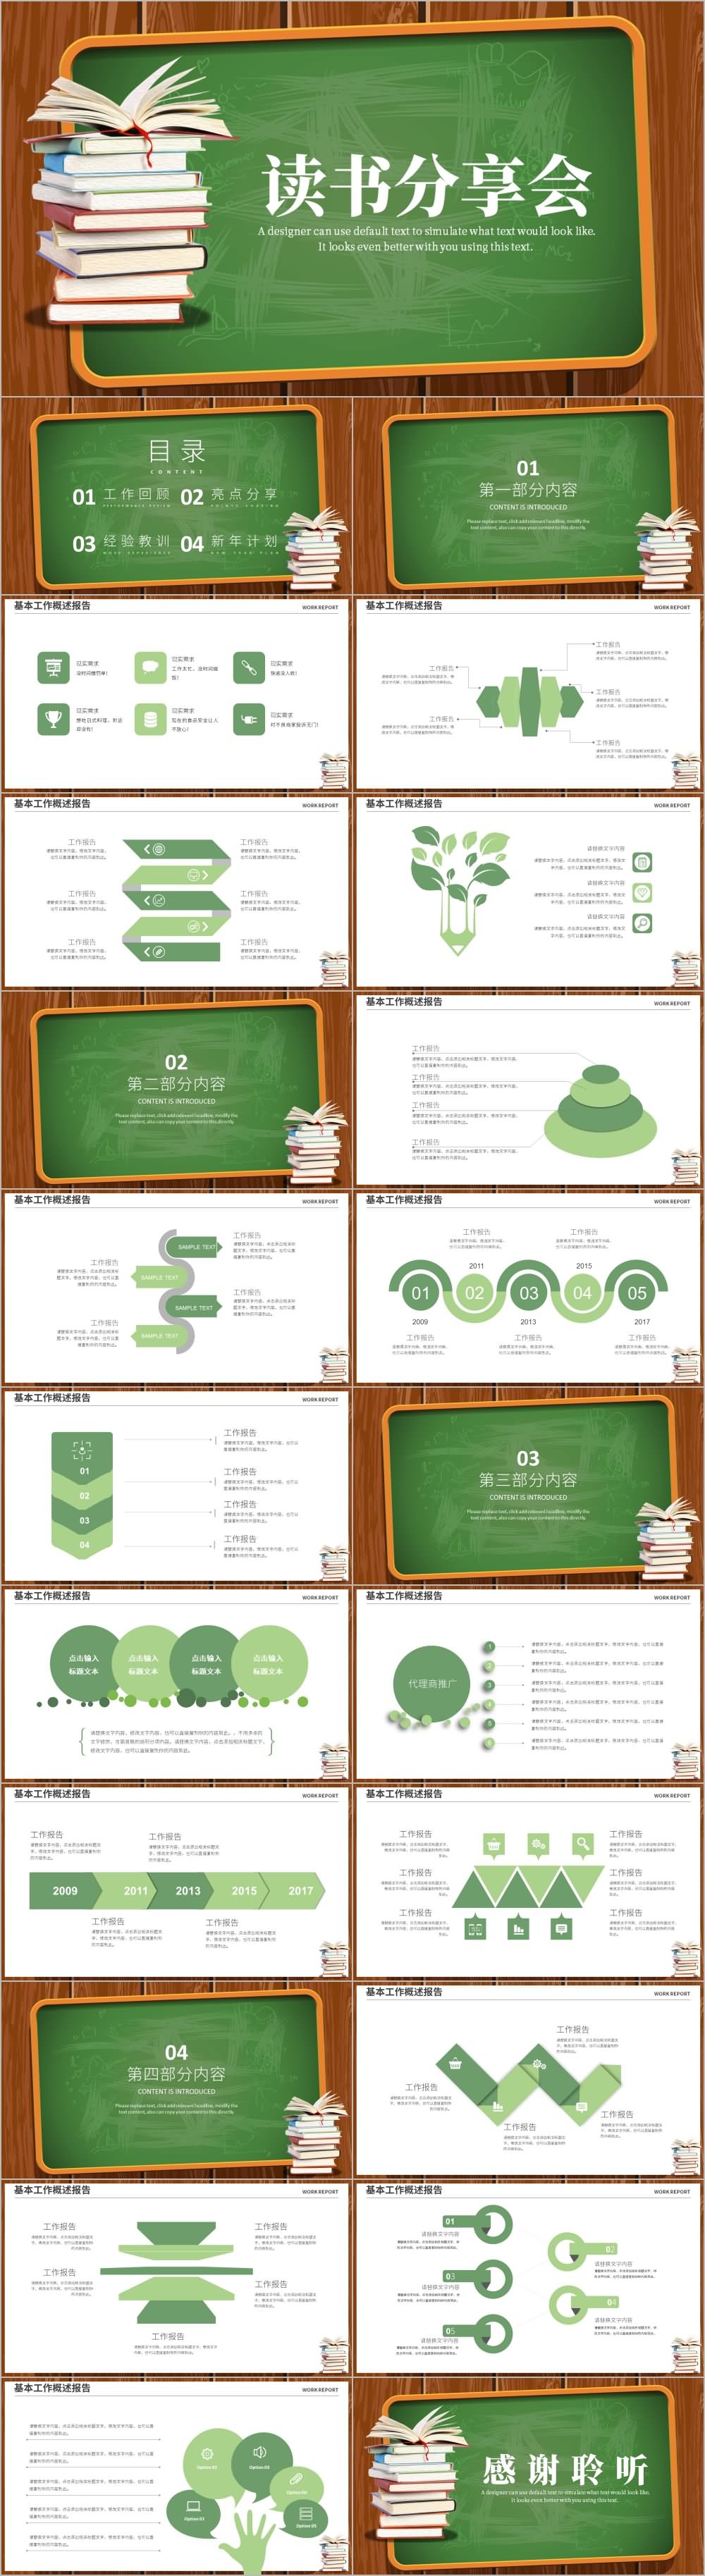 绿色黑板读书分享会教育培训PPT模板
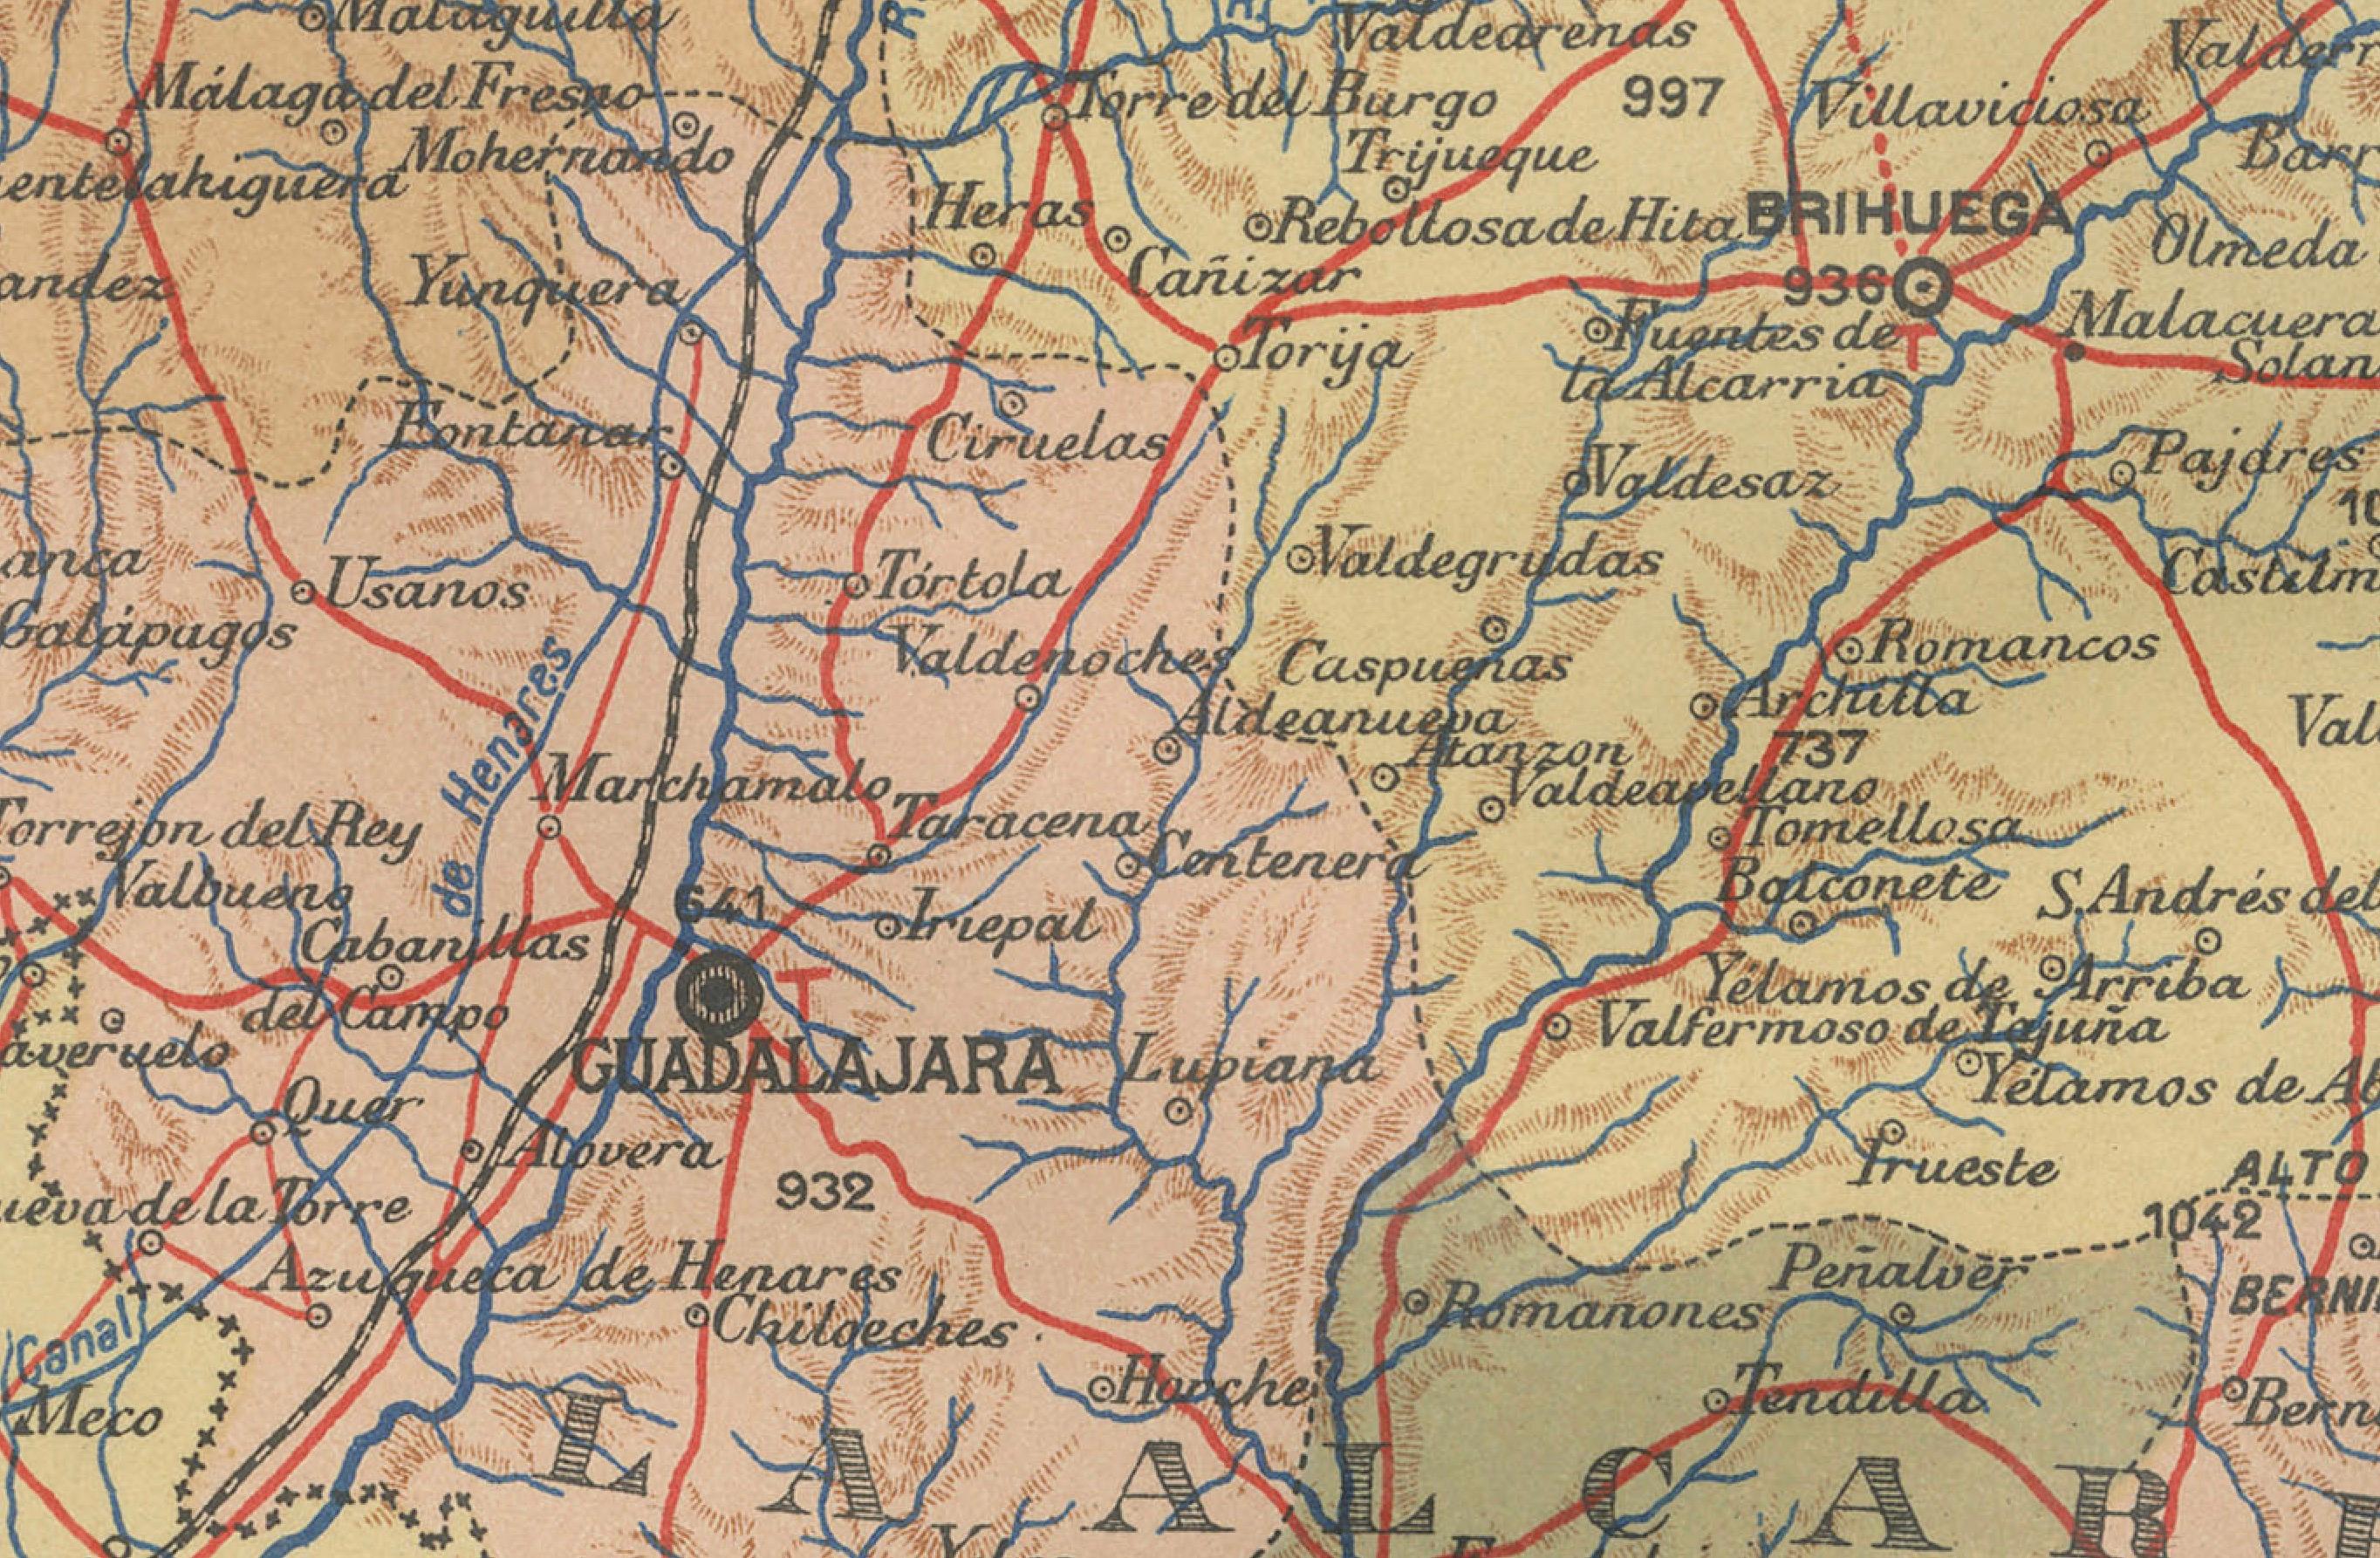 Die Karte zeigt die Provinz Guadalajara, Teil der autonomen Gemeinschaft Kastilien-La Mancha in Spanien, im Jahr 1902. Die Karte enthält verschiedene geografische und infrastrukturelle Merkmale:

Es hebt die abwechslungsreiche Landschaft hervor, zu
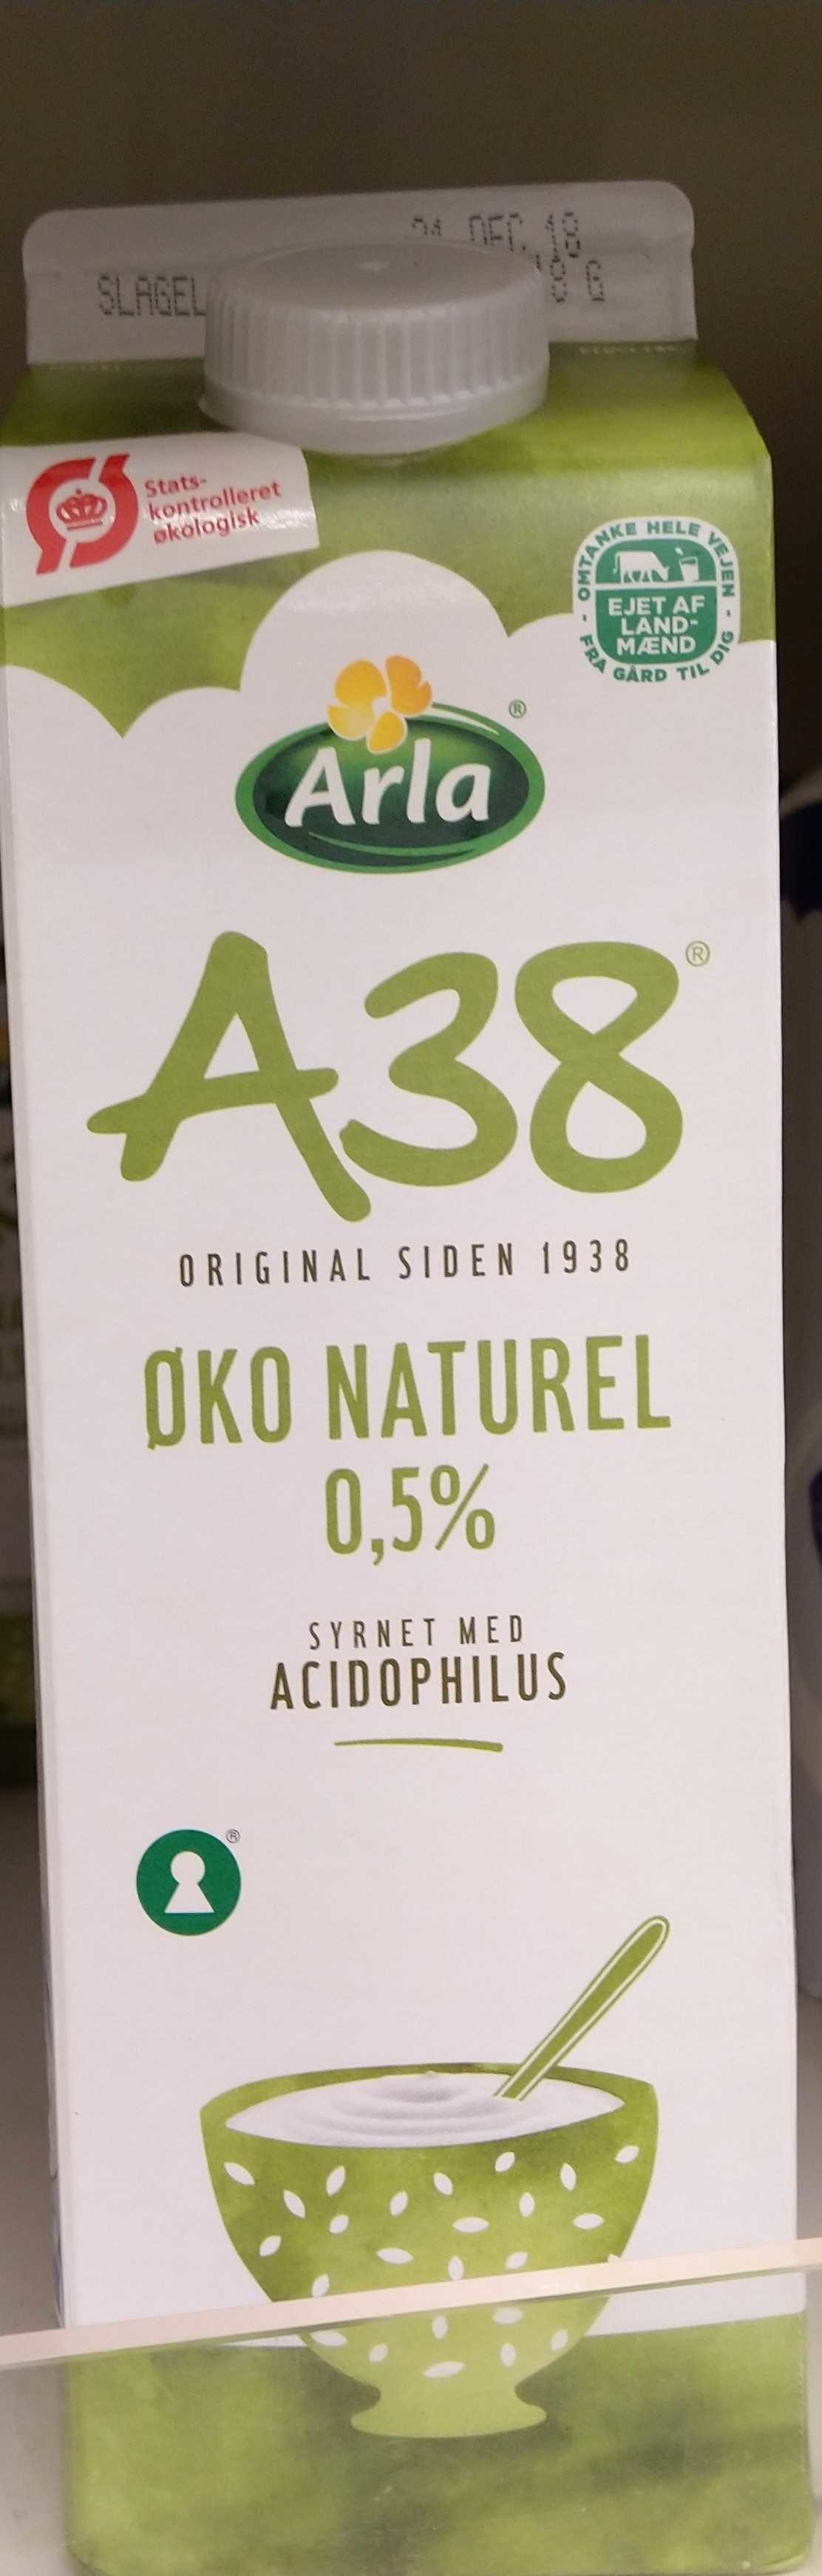 A38 øko naturel 0.5% - Prodotto - en
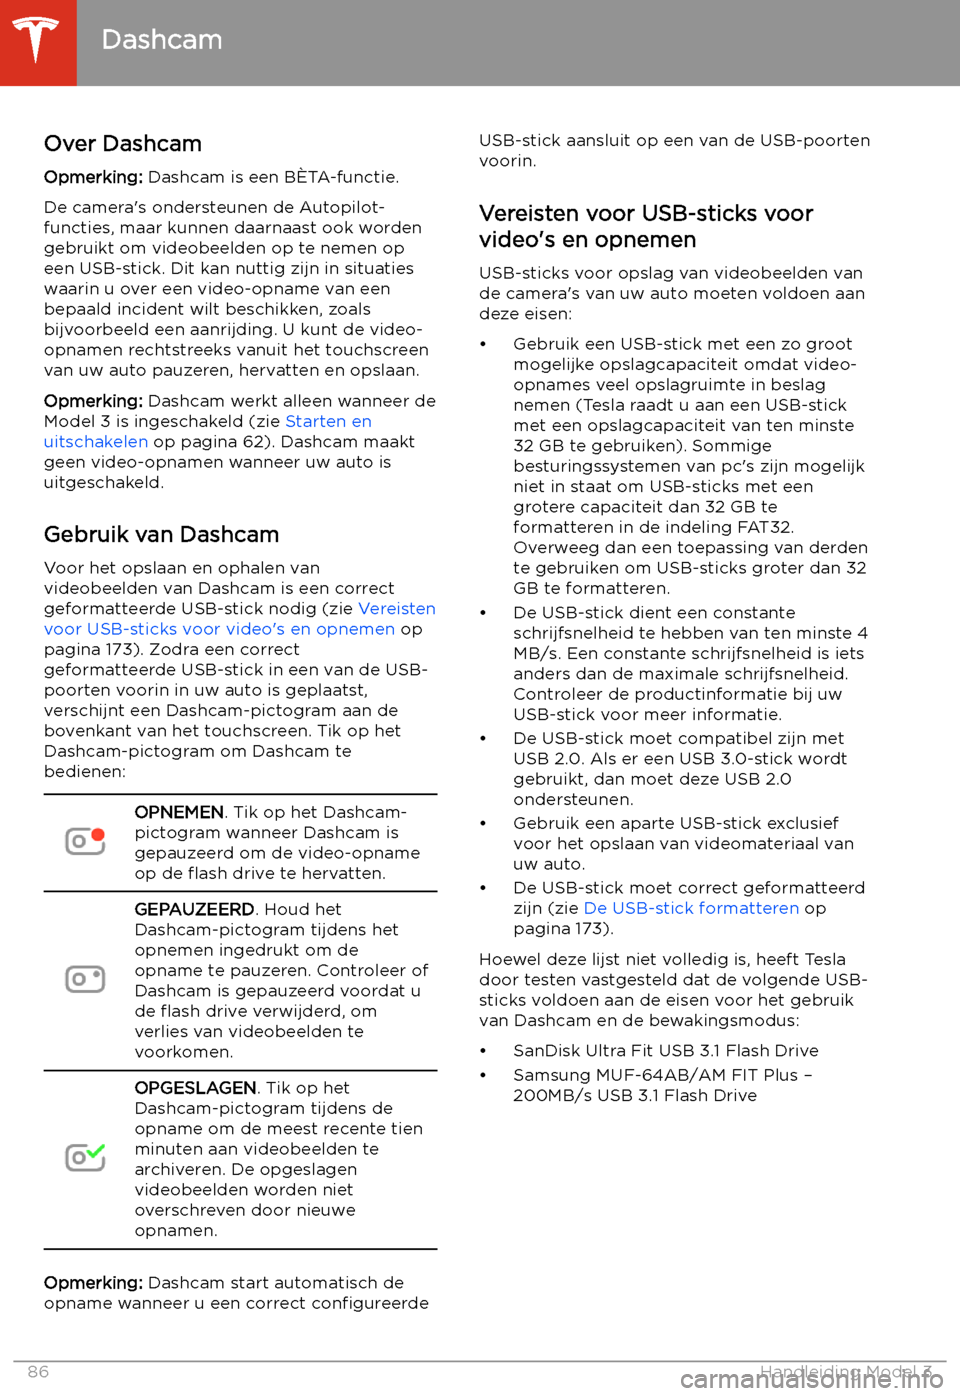 TESLA MODEL 3 2020  Handleiding (in Dutch) Dashcam
Over Dashcam
Opmerking:  Dashcam is een B

####

**Activity:**
Start at the top of the entries and repeat each line exactly, ending at the line that contains "Over Dashcam". Pictures are not part of the copy.

**Response:**
 绿色黑板读书分享会教育培训PPT模板
 Die Karte zeigt die Provinz Guadalajara, Teil der autonomen Gemeinschaft Kastilien-La Mancha in Spanien, im Jahr 1902. Die Karte enthält verschiedene geografische und infrastrukturelle Merkmale:

Es hebt die abwechslungsreiche Landschaft hervor, zu
 A38 øko naturel 0.5% - Prodotto - en
 TESLA MODEL 3 2020  Handleiding (in Dutch) Dashcam
Over Dashcam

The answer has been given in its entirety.